The third part is mainly about participation and spatial agency by way of engaging with the investigated women and other invited academic researchers through the methods of narrative, drawing and mapping. The data collected in the field survey, such as voice, route, and subjects' daily schedule, will be visualized and compared. The materials gotten from participation (including co-drawing and co-mapping) is the representation of participants' needs, requirements and desires, which can also stimulate their cognition and imagination of new interaction and space. In the future, the small-scope spatial experiments can be conducted in the urban villages under research, so as to verify the effectiveness and feasibility of the spatial design and proposal.

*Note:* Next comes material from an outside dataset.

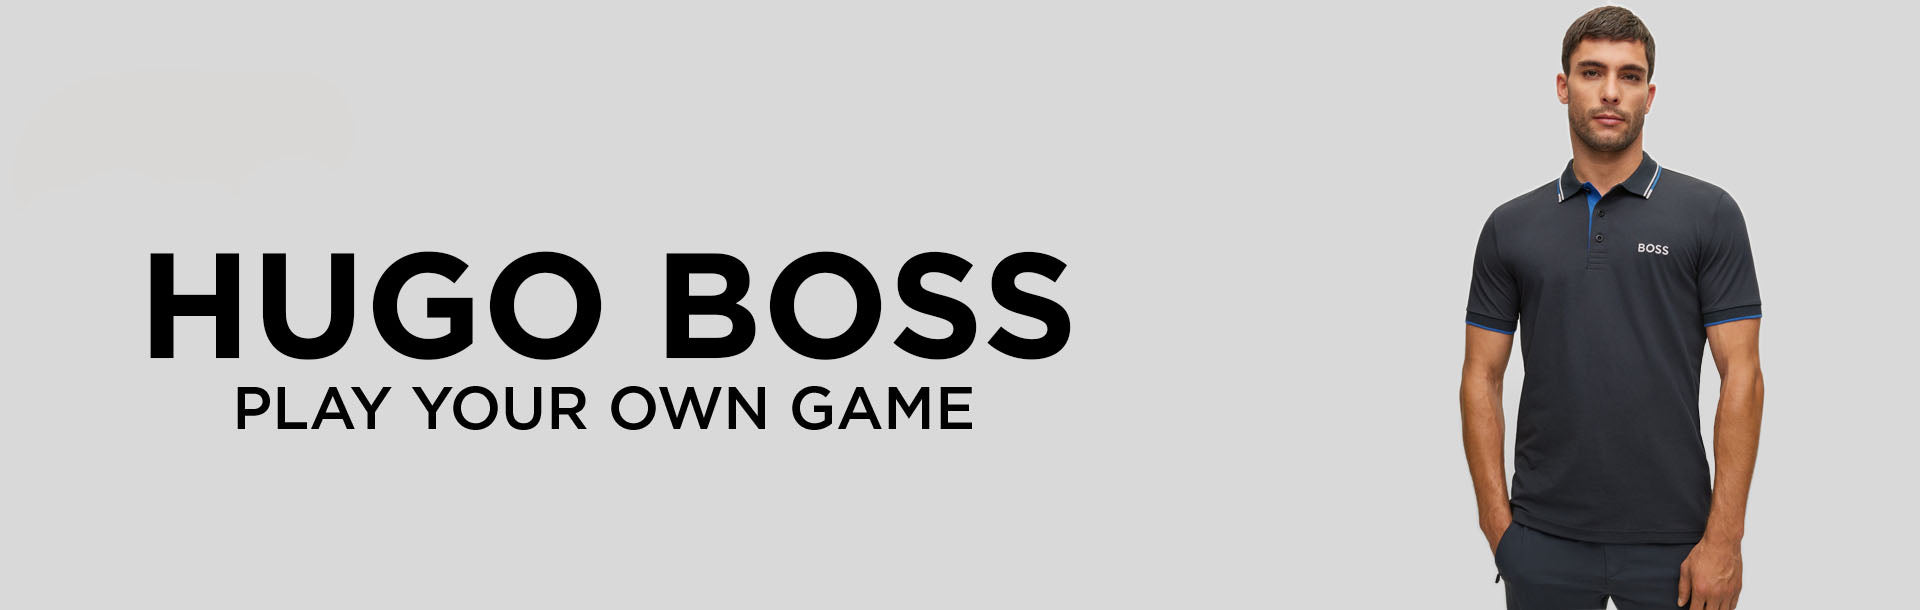 Dalset trappe Udled Boss By Hugo Boss Golf Clothing | The Golf Society

And, the data collected according to the interaction can indirectly provide migrant women easier access to the spatial experiment.

Research Timetable

• Part 1 (2020.4—2020.5): literature review and document-data collection, case study, research framework and preparing for the Fieldwork. (The literature and archive review are about the current situation and historical roots of urban village and domestic migration in China; deep understanding of  gender spatial study and anthropological spatial study). 

• Part 2 (2020.6—2020.7): fieldwork (tracking, observation, questionnaire, semi-structured interview, interview, participation, photography, film, narrative recording, collage, illustrative mapping); spatial experiment.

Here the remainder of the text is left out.